Example 2: the method for simulating the free flight hooking test of the carrier-based aircraft is based on a system for simulating the free flight hooking test of the carrier-based aircraft in the embodiment 1, as shown in fig. 9, and comprises the following steps:
s1, preparing: as shown in fig. 2 and 3, the wing clamping plate 7 is installed, the first lifting rope 21 is installed in each hanging point 71, the second lifting rope 22 is wound at the rear end of the test aircraft 2, the first explosion bolt 31 and the second explosion bolt 41 are installed, the first crane 3 and the second crane 4 are started to lift the test aircraft 2, the lifting height of the first crane 3 is the same as the lifting height of the second crane 4, the front end of the test aircraft 2 rotates 0 degrees around the centroid, and the lifting height of the center of gravity point of the test aircraft 2 is determined by the initial sinking speed of the center of gravity point of the test aircraft 2:
h=v 2 /2g
wherein h is the lifting height of the gravity center of the test aircraft 2, v is the initial sinking speed of the gravity center of the test aircraft 2, v is 3m/s, and g is the gravity acceleration;
s2, aircraft attitude adjustment: as shown in fig. 4, the output end of the first pneumatic winch 5 is abutted with the middle part of the first connecting rope 24, then the first pneumatic winch 5 is started to pull the first connecting rope 24 so as to roll the test aircraft 2 to one side, the aircraft rolling posture is simulated, and the first pneumatic winch 5 pulls the first connecting rope 24 so as to roll the test aircraft 2 to one side at an angle of 10 degrees;
s3, a full-machine drop test: starting a first explosion bolt 31 to enable a first crane 3 to release a test aircraft 2, simultaneously, releasing the butt joint of the output end of a first pneumatic winch 5 and a first connecting rope 24 to enable the front end of the test aircraft 2 to fall, then starting a second explosion bolt 41 to enable a second crane 4 to release the test aircraft 2, and further simulating the condition that a nose landing gear of a carrier aircraft firstly contacts a deck and then contacts the deck after a main landing gear under the action of a blocking hook, wherein the starting time interval of the first explosion bolt 31 and the second explosion bolt 41 is 0.3s;
s4, data statistics: the front and main landing gear landing speed data of the test aircraft 2 is collected.
Example 3: this embodiment differs from embodiment 2 in that:
in the step S1, the lifting height of the first crane 3 is larger than that of the second crane 4 so as to enable the front end of the test aircraft 2 to rotate 5 degrees around the mass center, and v is 2m/S;
in step S2, the first pneumatic winch 5 pulls the first connecting rope 24 to roll the test aircraft 2 to one side by an angle of 20 °;
the opening time interval of the first explosive bolt 31 and the second explosive bolt 41 in step S3 is 0.1S.
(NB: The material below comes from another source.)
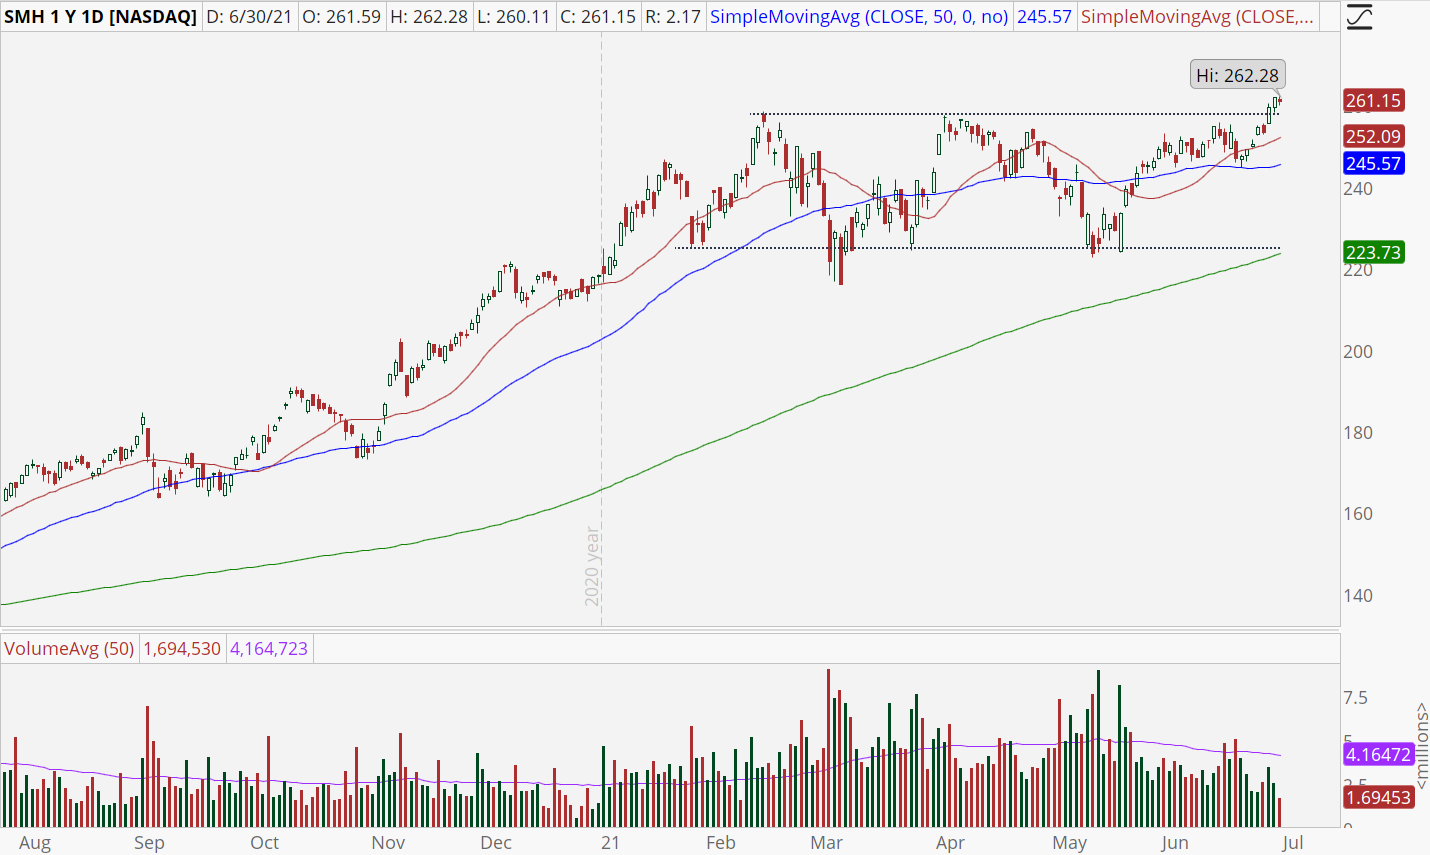 Market Vectors Semiconductor ETF (SMH) with bullish breakout

Example 4: this embodiment differs from embodiment 2 in that:
in the step S1, the lifting height of the first crane 3 is larger than that of the second crane 4 so as to enable the front end of the test aircraft 2 to rotate 10 degrees around the mass center, and v is 4m/S;
in step S2, the first pneumatic winch 5 pulls the first connecting rope 24 to roll the test aircraft 2 to one side at an angle of 30 °;
the opening time interval of the first explosive bolt 31 and the second explosive bolt 41 in step S3 is 0.5S.
Example 5: this embodiment differs from embodiment 2 in that:
the lifting height of the first crane 3 is greater than the lifting height of the second crane 4 in step S1 so that the front end of the test aircraft 2 is rotated 3 ° about the centre of mass.
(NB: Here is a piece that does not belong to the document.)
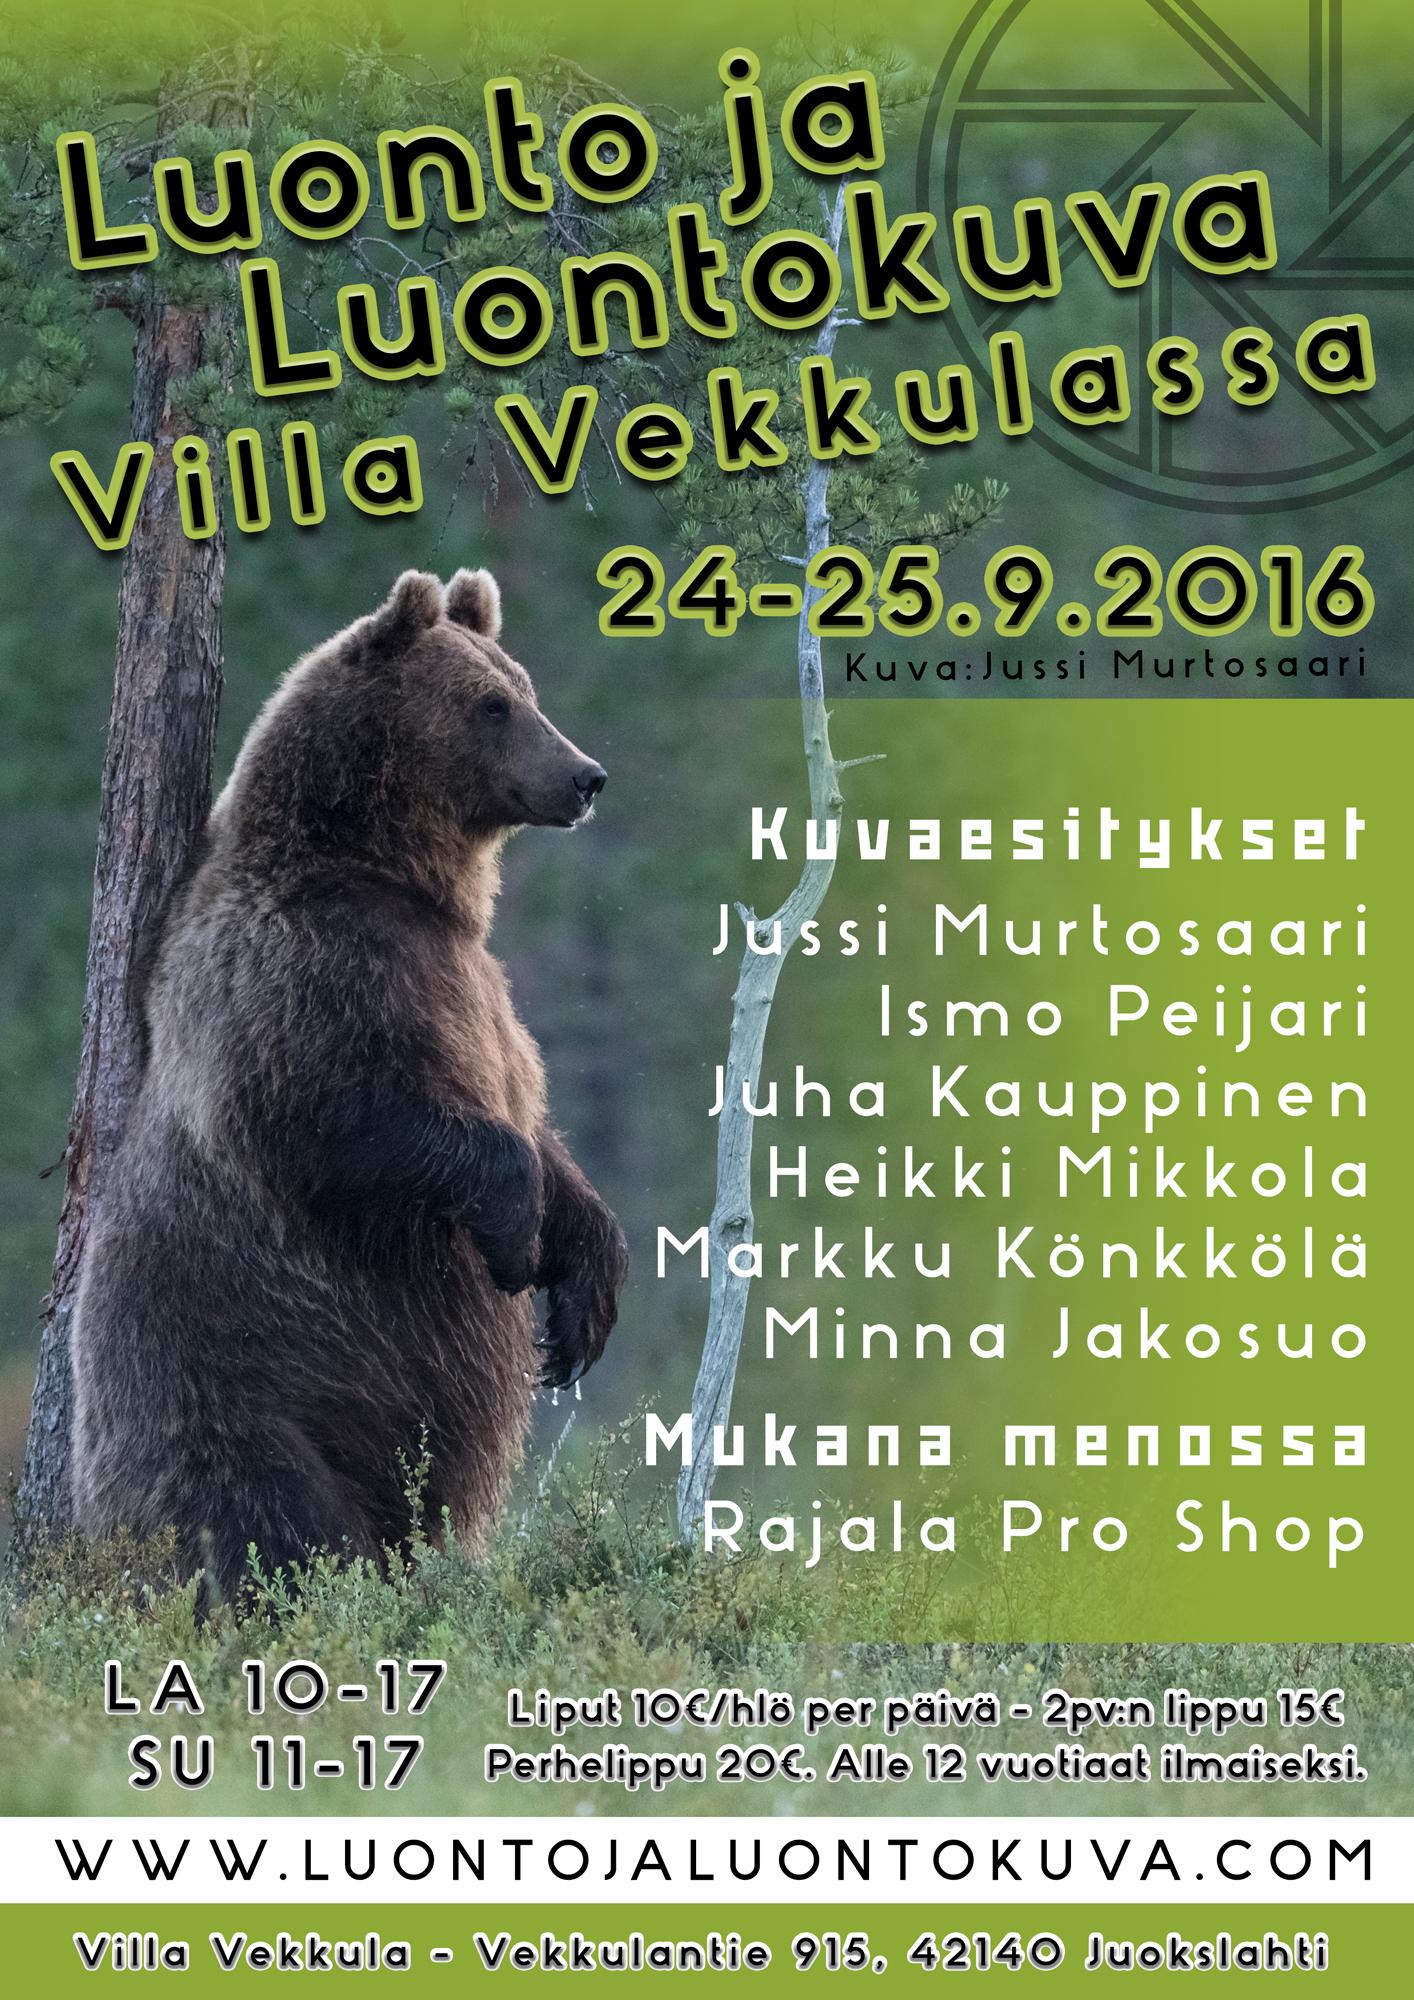 luontokuvamainos2016(1)

Example 6: this embodiment differs from embodiment 2 in that:
the lifting height of the first crane 3 is greater than the lifting height of the second crane 4 in step S1 so that the front end of the test aircraft 2 is rotated 7.7 ° about the centre of mass.
Working principle: the working principle of the free flight hooking test simulation system of the carrier-based aircraft is further described in detail below by combining the method of the invention.
When the attitude adjustment of the aircraft in step S2 is performed, if the adjustment of the lateral rear roll angle of the test aircraft 2 is required, the adjustment is performed by pulling the second connecting rope 26 through the second hook 62, therefore, when the preparation of step S1 is performed, the second connecting rope 26 and the sliding fixture block 8 are required to be installed, the second lateral auxiliary rope 61 of the second pneumatic winch 6 bypasses the cross beam 11, the position of the sliding fixture block 8 is required to be accurately positioned, the fixing bolt 84 is firstly unscrewed during the adjustment, so that the fixing bolt 84 moves downwards in the threaded hole 83, the clamping of the second connecting rope 26 is loosened, so that the two fixing blocks 81 can move through the through hole 82, after the adjustment is performed to a proper position, the second hook 62 is butted on the second connecting rope 26 between the two fixing blocks 81, then the threaded sleeve 85 is rotated through the handle 87, the threaded rod 86 is tightened under the action of the threaded engagement, the distance between the two fixing blocks 81 is reduced, the clamping of the second hook 62 is completed, and finally the fixing bolt 84 is screwed, so that the fixing bolt 84 moves upwards in the threaded hole 83, and the second connecting rope 26 is clamped;
in the step S3 full-machine drop test, the first explosive bolt 31 and the fourth explosive bolt 63 are simultaneously opened.
It should be noted that, the connection between the threaded sleeve 85 and the side wall of the fixed block 81 is provided with an L-shaped rotating ring, and the rotating ring is rotationally embedded in a rotating groove provided on the side wall of the fixed block 81, so that the threaded sleeve 85 and the fixed block 81 do not break away while relatively rotating.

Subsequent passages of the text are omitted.